SECT. II.
Geographical Definitions.
Of the Situations of Places upon the Earth; of the different Situations of its Inhabitants; of Zones and Climates.
The situations of places upon the Earth, are determined by their Latitude and Longitude.
Latitude.
1. The Latitude of any place (upon the Earth) is its nearest distance, either North or South from the Equator; and if the place be in the (Northern/Southern) hemisphere, it is accordingly called (North/South) Latitude; and is measured by an arch of the meridian intercepted betwixt the zenith of the said place, and the equator. And all places that lie on the same side, and at the same distance from the equator, are said to be in the same parallel of latitude: the parallels in Geography, being the same with the parallels of declination in Astronomy.
From this definition arise the following Corollaries.
(1.) That no place can have above 90 degrees of latitude, either North or South.
(2.) Those places that lie under the equinoctial (or thro’ which the equator passes) have no latitude, it being from thence that the calculation of latitudes is counted; and those places that lie under the Poles have the greatest latitude, those points being at the greatest distance from the equator.
(3.) The latitude of any place is always equal to the elevation of the Pole in the same place above the horizon; and is therefore often expressed by the Pole’s height, or elevation of the Pole; the reason of which is, because from the equator to the Pole there is always the distance of 90 degrees, and from the zenith to the horizon the same number of degrees, each of these including the distance from the zenith to the Pole: That distance therefore being taken away from both, will leave the distance from the zenith to the equator, (which is the latitude) equal to the distance of the Pole to the horizon.
(4.) The elevation of the equator in any place is always equal to the complement of the latitude of the same place.

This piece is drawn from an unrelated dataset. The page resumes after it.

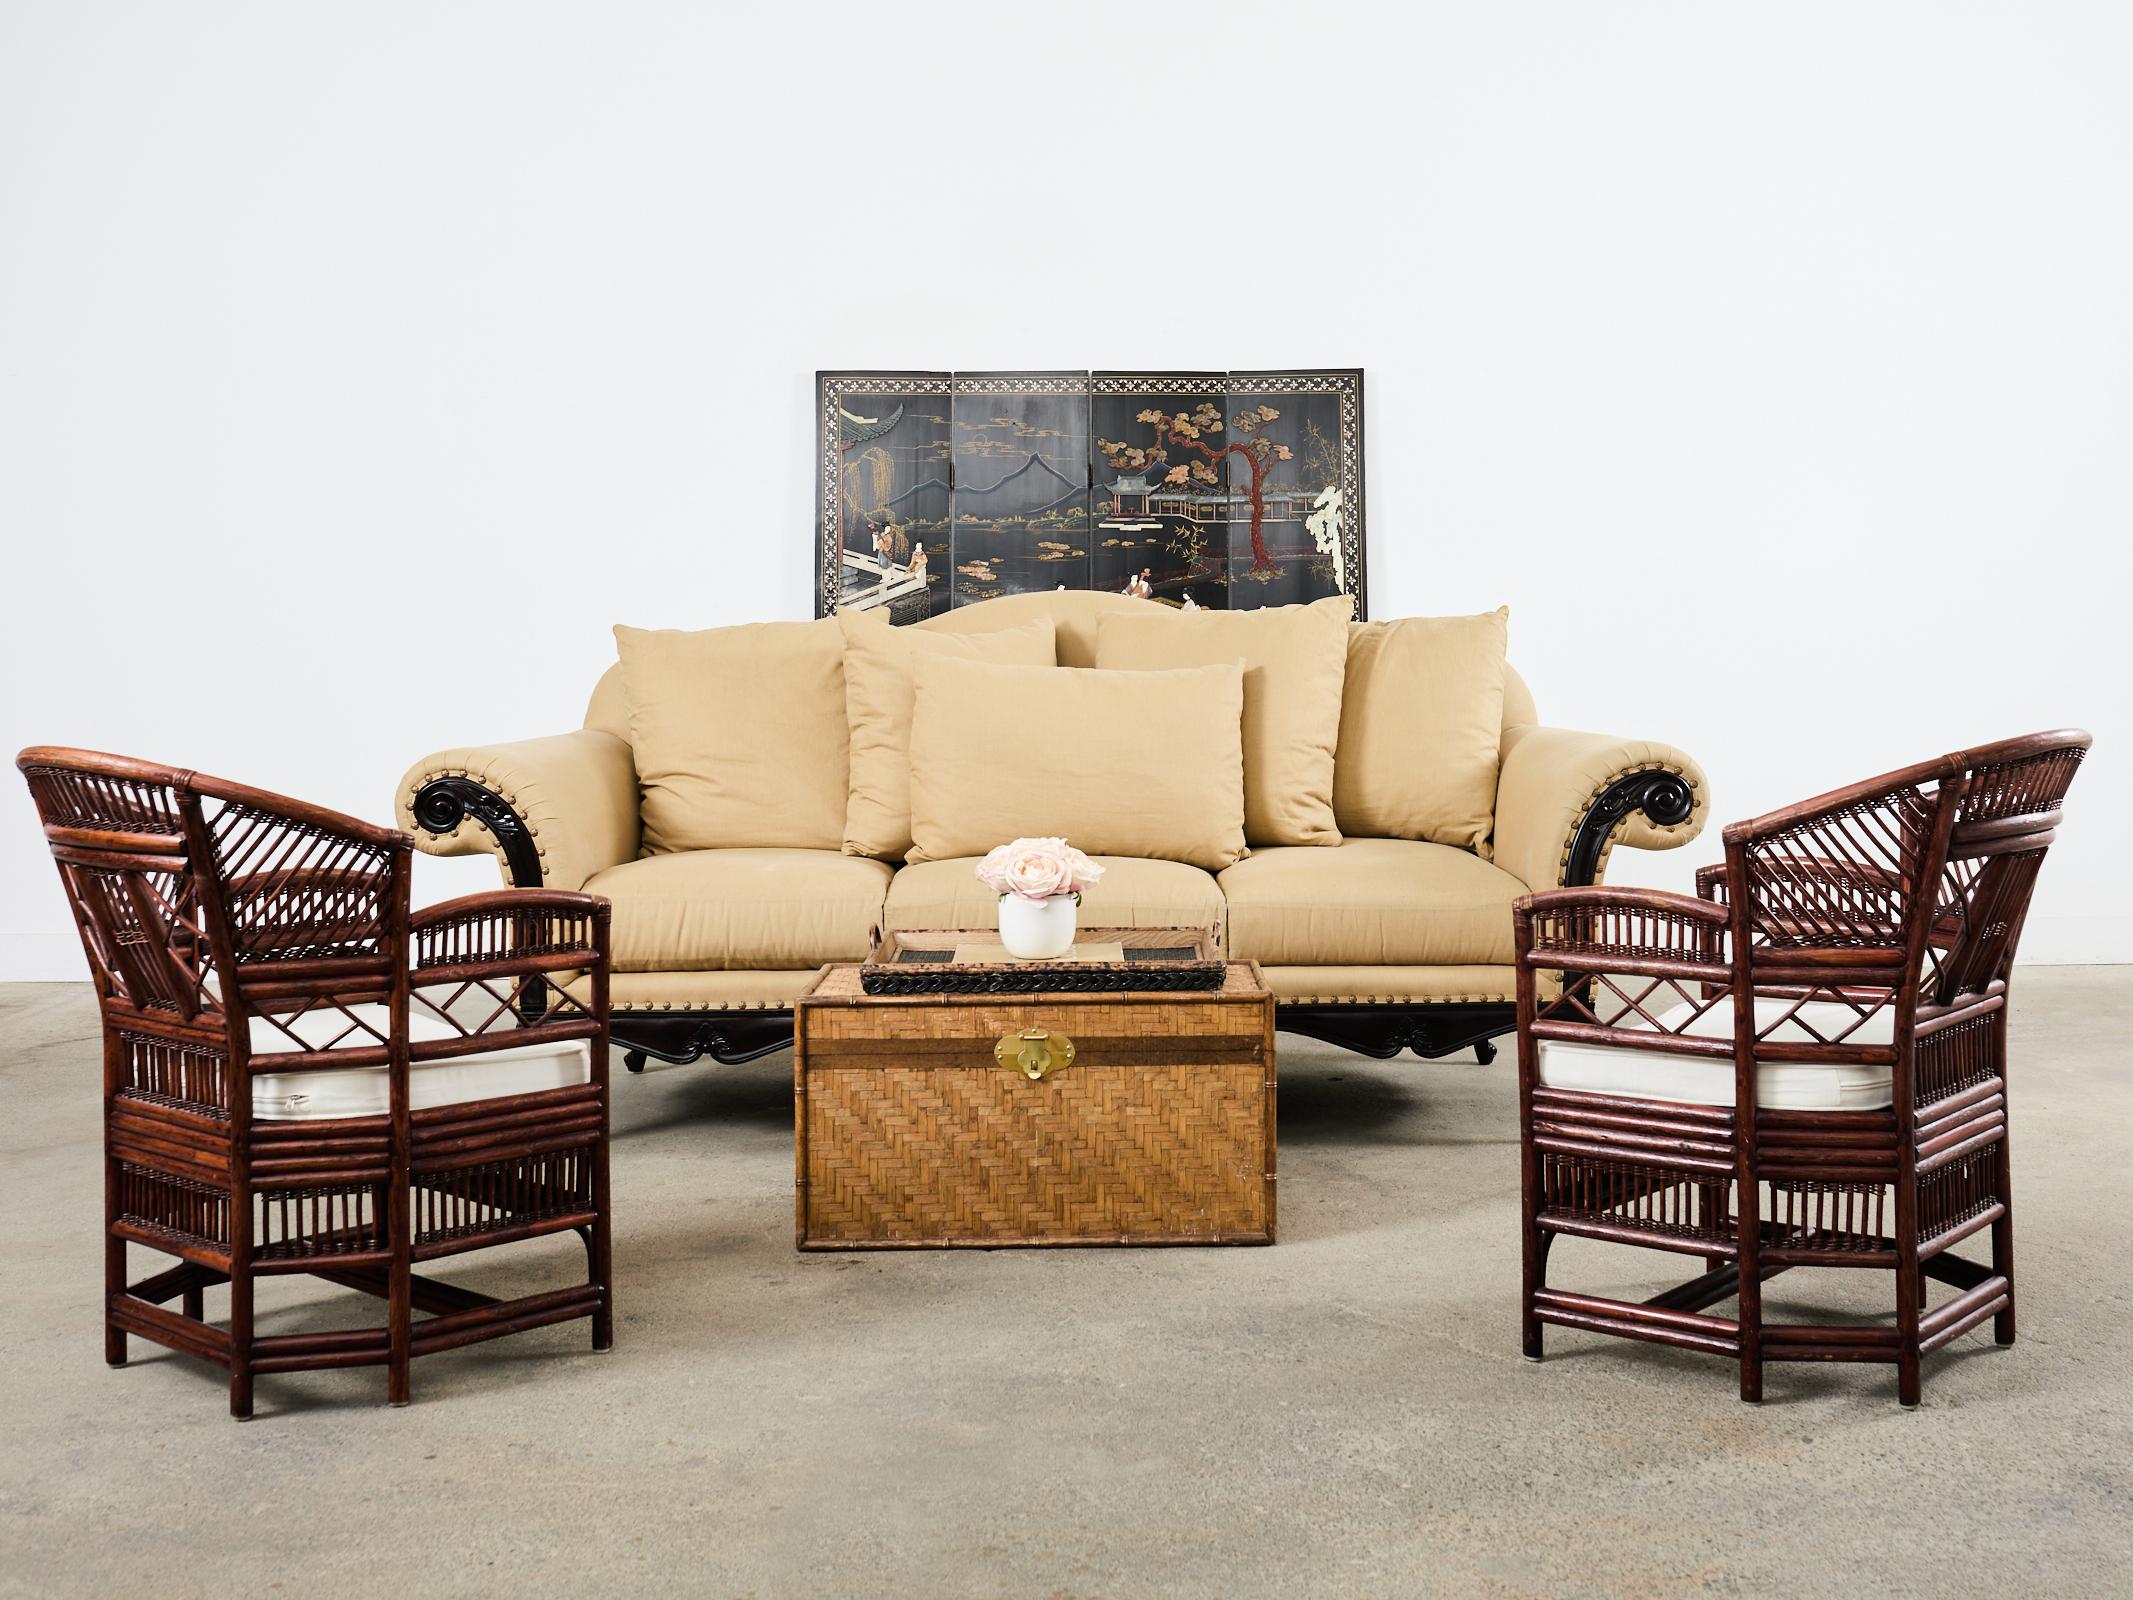 Grand Hartholz geschnitzt St. Germain fertig venezianischen Sofa entworfen von Ralph Lauren. Dieses imposante Sofa ist über 8,5 Fuß lang und verfügt über einen Buckelrahmen mit großen gerollten Armen. Das Gestell aus Hartholz ist in St. Germain

(5.) A ship sailed directly (towards/from) the equator (lessens/augments) her latitude, (or (depresses/raises) the Pole) just so much as is her distance sailed.
Difference of Latitude.
2. Difference of latitude is the nearest distance betwixt any two parallels of latitude, shewing how far the one is to the Northward or Southward of the other, which can never exceed 180 degrees. And when the two places are in the same hemisphere (or on the same side of the equator) the lesser latitude subtracted from the greater, and when they are on different sides of the equator, the two latitudes added, gives the difference of latitude.
Longitude.
3. The Longitude of any place (upon the Earth) is an arch of the equator, contained betwixt the meridian of the given place, and some fixed or known meridian; or, it is equal to the angle formed by the two meridians, which properly can never exceed 180 degrees, tho’ sometimes the Longitude is counted Easterly quite round the globe.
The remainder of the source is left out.